Human Freedom: Our Greatest Gift
Today is the Feast of the Annunciation of the Blessed Virgin Mary, the conceiving of our Lord in the womb of Mary.
There are two conceptions which are at the core of the Christian experience. The conception of Mary in the womb of her mother, Anne, and today's Feast, that of our Lord Jesus Christ in Mary. The first is the fruit of the second, for human redemption was anticipated in Mary. She was conceived without sin by Joachim and Anne, surely the most beautiful of all acts of human love. For at least once in history the most significant of human acts of love was done without any taint of darkness. No shadow of original sin touched it. Superbly beautiful. So it was always to be in the original plan of God, this act which was ever blemished by the sin of our forebears.
Nothing in history more profoundly attests to the reality of human freedom than Adam and Eve's use of it to disobey God.
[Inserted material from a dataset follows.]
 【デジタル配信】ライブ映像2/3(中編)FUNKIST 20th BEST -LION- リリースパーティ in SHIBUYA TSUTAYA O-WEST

The enormity of that misuse of our greatest gift is beyond measure.
And now that primal disordered act is repudiated and overcome through the obedience of Mary to God's request of her. Here is poetry of high order. And the consequences of her obedience to the divine Will are more than those of the first rejection of It. Mary becomes the human participant in God's splendid dream of human salvation. Joachim and Anne were wholly unaware of what was accomplished in them in the providence of Almighty God.
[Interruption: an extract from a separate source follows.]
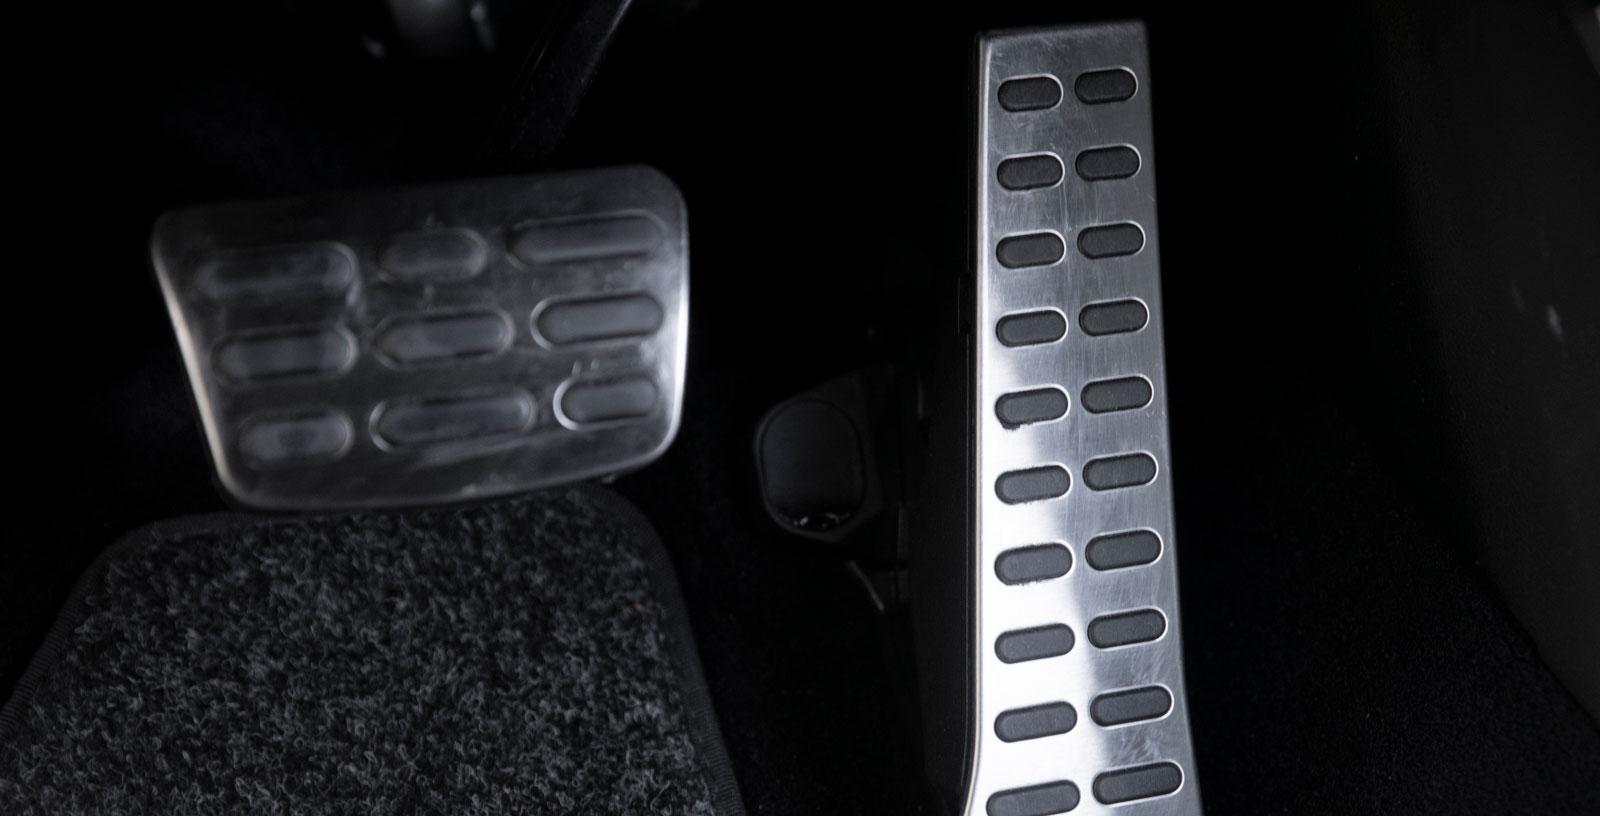 Blankpolerade pedaler är en del av GT-Line-utrustningen. Stående gaspedal.

And Mary today as cooperator in God's designs for the human family can only have grasped in some modest way what was involved. Yet she gave her total willingness to surrender to God's Will with total love.
The sorrow and the joys of the world were all of them brought to a point of destiny in her willing assent to be Mother of God. The sorrows of the world come to an end in her, the eternal joys of our nature are made possible — suffering and sorrow are no longer punitive. Are now redemptive. That sorrow was to culminate in the Passion and Death of her Son, soon upon us. In that sorrow she was to share. And in the joys of the world's redemption she also shared. Joys which came to fruition at the end of her life.
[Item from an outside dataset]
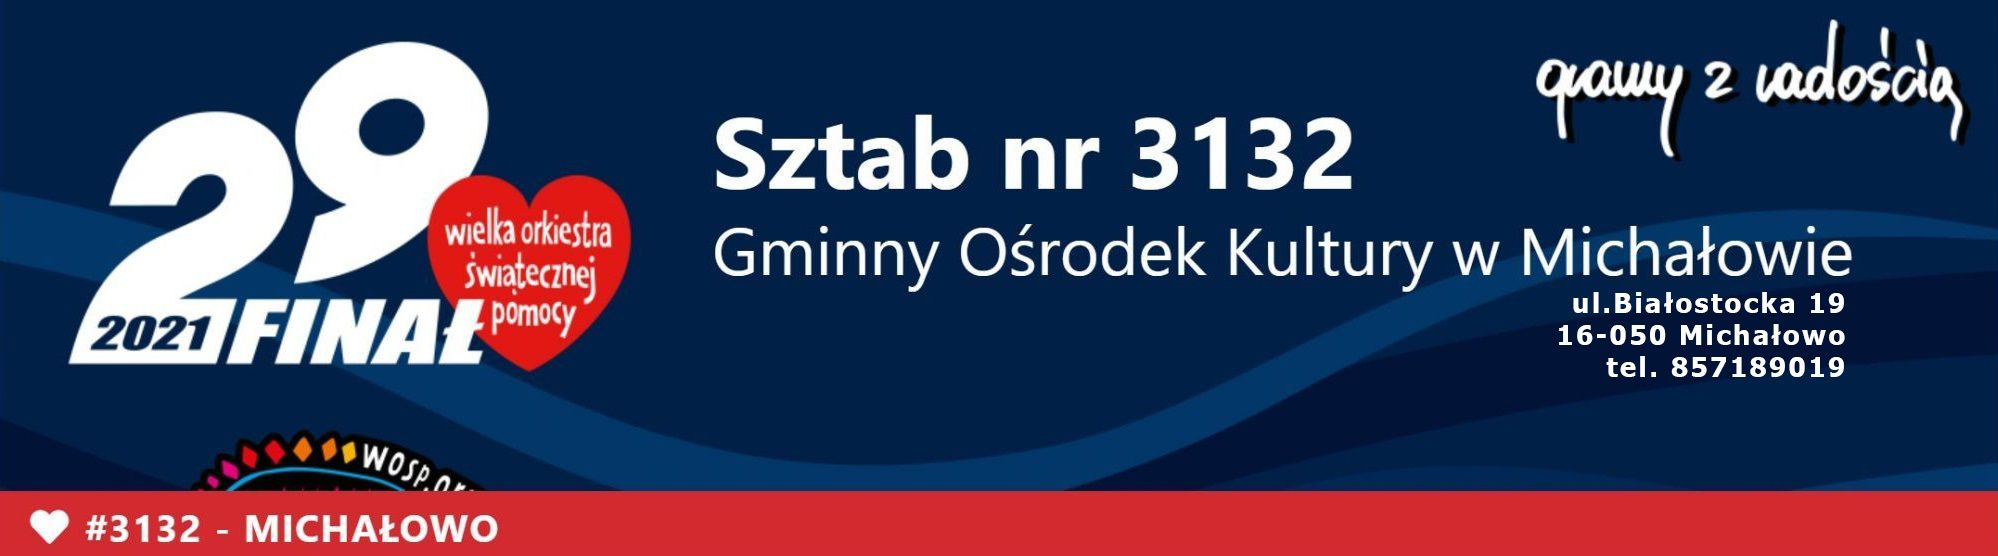 sztab_wosp

Nothing comes home to us in all this as powerfully as the realization of the great meaning of the human will. Human freedom is the greatest gift and through it we can surrender to God's Will and so share with God in the redemption of the world.
For our belief in God, our surrender to Christ, our efforts to follow Him to glory make even of our lives a witness that is staggering in its implications. By our love for Christ we share in His saving design for all humankind.
Thus, our celebration of this event is far more than the mere memory of some past event, but is an entering ever more fully into the mystery of God's love for us. We can undo what Adam did, renounce what Eve did, and with Mary surrender to the Holy Spirit for the birth of Christ in us, our union with Him in His Suffering and Death for our salvation and the salvation of all. As humans with free will, we freely love God and do His Will, and so with Jesus and His holy Mother, live this day and every day for God's glory and the gift of salvation for all.
Here is beauty and grace almost beyond comprehension. Yet more true than any truth is the heart of it. Even if our grasp of it be inadequate, we like Mary are aware enough: our own act is real, our response worthy and valid. Praise God to be called to such a work, to participate in so marvelous an endeavor.
Like Mary we can join Jesus in His Suffering and Death for the world, take what sorrow we know and all the sorrows of the world and unite them in one passion and death for the glory of the resurrection and the life to come.
We can scarcely conceive this beauty we are involved with. We can only stand in wonder before it. Even as today we witness in awe the response of the young Virgin to the word of the Angel: "Be it done to me according to thy word." In that brief moment the whole of history changed. And we are party to it, participate in it. "Behold the handmaid of the Lord." This day the Holy Spirit did to Mary what man does to woman in married love. He sowed the seed. And the seed was divine.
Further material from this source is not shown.